Минул октябрь — Oktober. Сначала расстреливали десятками. Как-то раз Яцек отломил лист кукурузы в саду напротив трамвайного парка на Млынарской. На листе засохла ржавая капля крови. «Нападения на немецких солдат и гражданских лиц немецкого происхождения» не прекращались. Тогда стали расстреливать сотнями, смывая кровь и мозг с мостовой струями воды. В руинах кинотеатра «Адрия» расстреляли двести пятьдесят заложников, рты им залепили гипсом.
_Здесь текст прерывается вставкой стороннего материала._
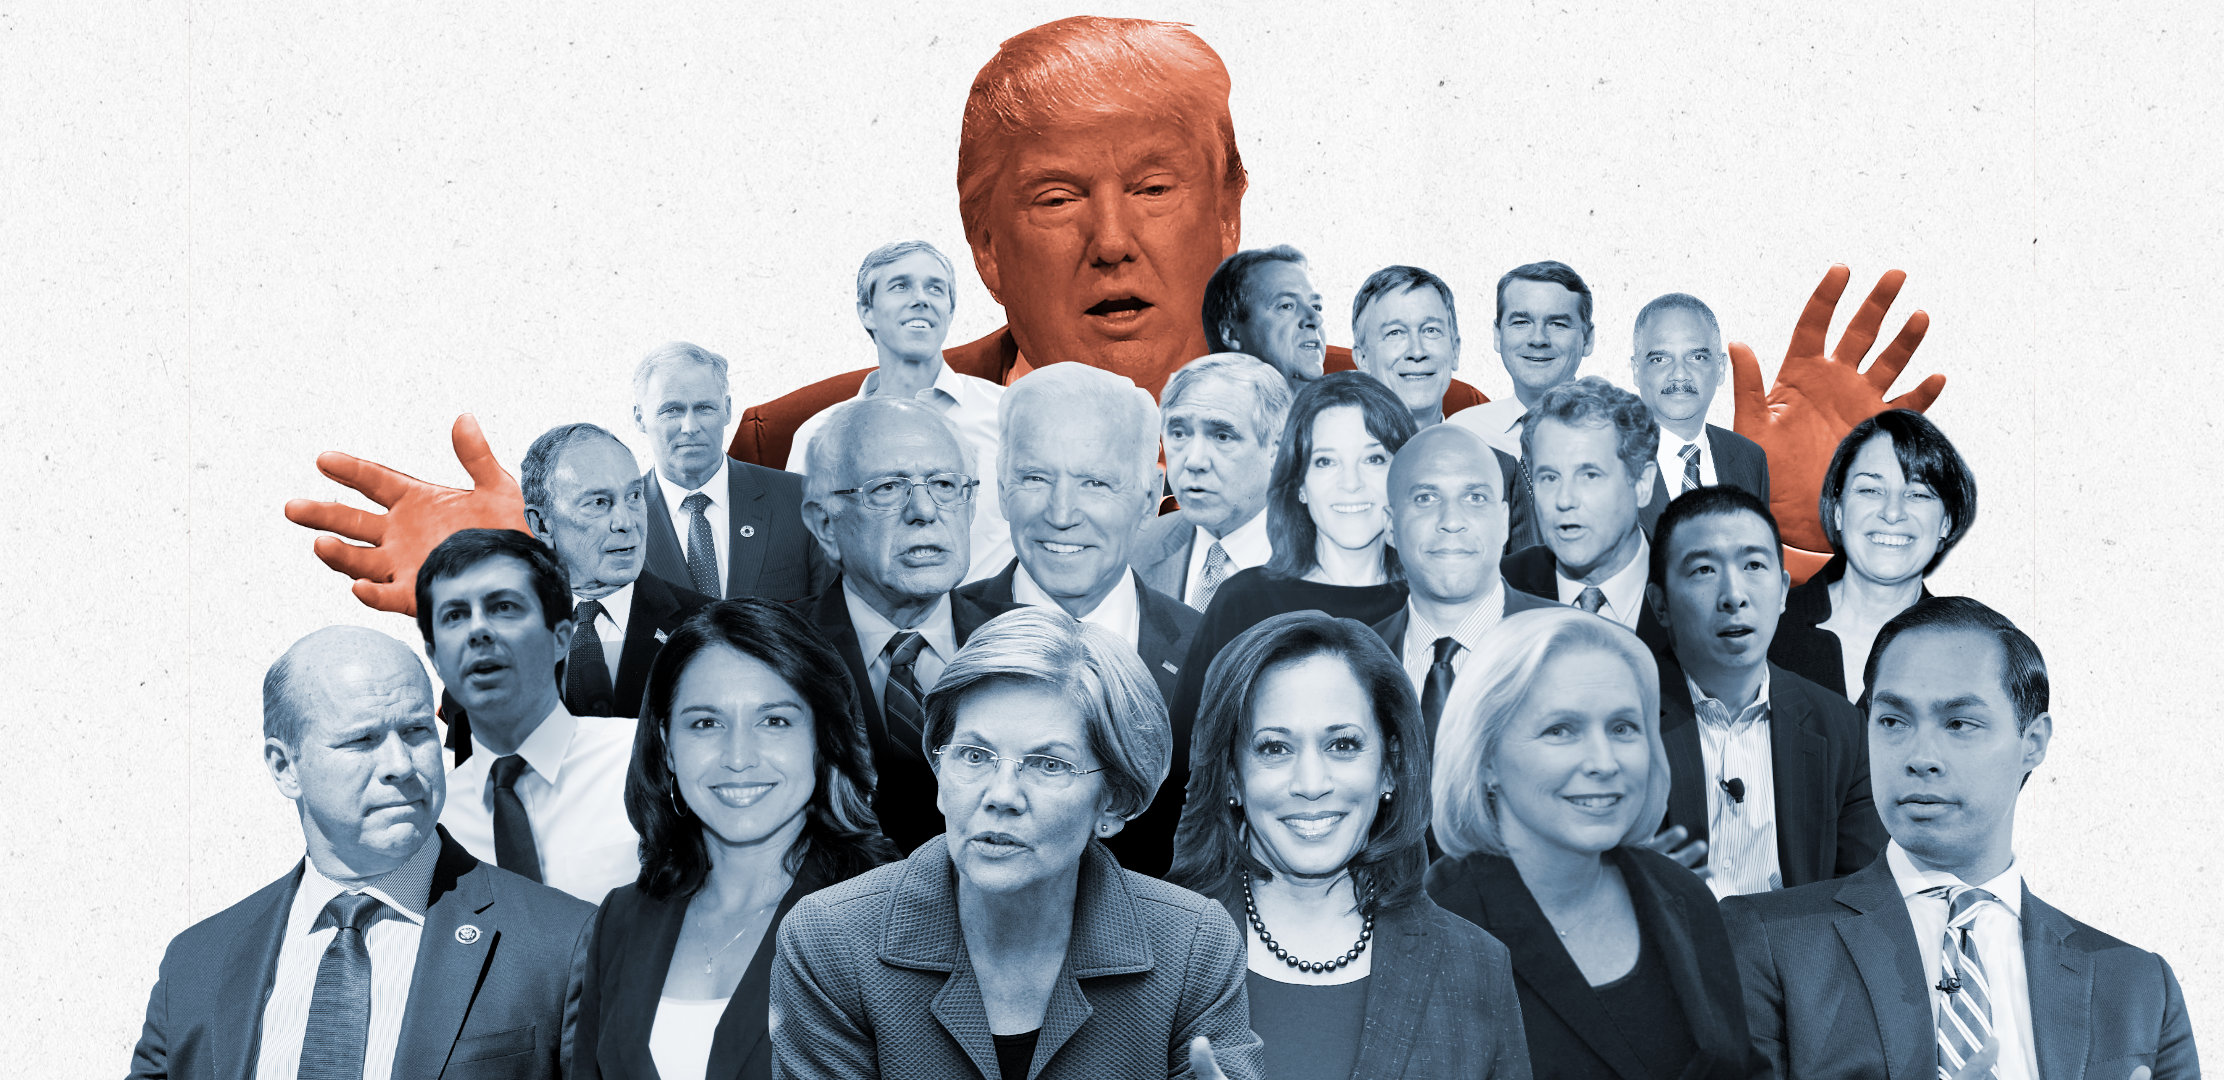 An illustration showing the faces of the Democratic presidential candidates in the 2020 election beneath President Donald Trump.

В два часа дня «третий» Берг, размахивая руками, влетел в мастерскую.
— Выключить машины! — запищал он тоненьким голоском. Его двойной подбородок дрожал от нервного возбуждения. Когда наступила тишина, он крикнул:
— Сейчас будут расстреливать!
Люди покинули свои места у верстаков и машин. Они вышли во двор и тесной толпой сбились возле сарая. Дождь стучал по крыше. Все вокруг пропиталось влагой. Сквозь завесу капающего с крыши дождя они смотрели на нависшее над забором небо.
Берг ушел в контору, шлепая по грязи калошами, — все-таки калоши не забыл надеть.
Эхо пяти залпов глухо прозвучало во влажном, мутном воздухе. Двадцать пять. Люди стояли молча, но это молчание означало не скорбь по погибшим, а ненависть, которая была так же безмерна, как любовь человека к жизни.
В тот день Фиалковский после работы подозвал к себе Эдека — мальчугана юркого, как мышонок. В свое время ему удалось спасти Эдека от тяжелого труда подручного, он хотел сделать из него квалифицированного столяра. После расстрела парень ходил сам не свой. Вчера возле его дома в Лешне расстреляли тридцать человек. Для четырнадцатилетнего мальчишки это было многовато. Фиалковский вытащил из-под верстака ящик с инструментами, достал рубанок и подал Эдеку.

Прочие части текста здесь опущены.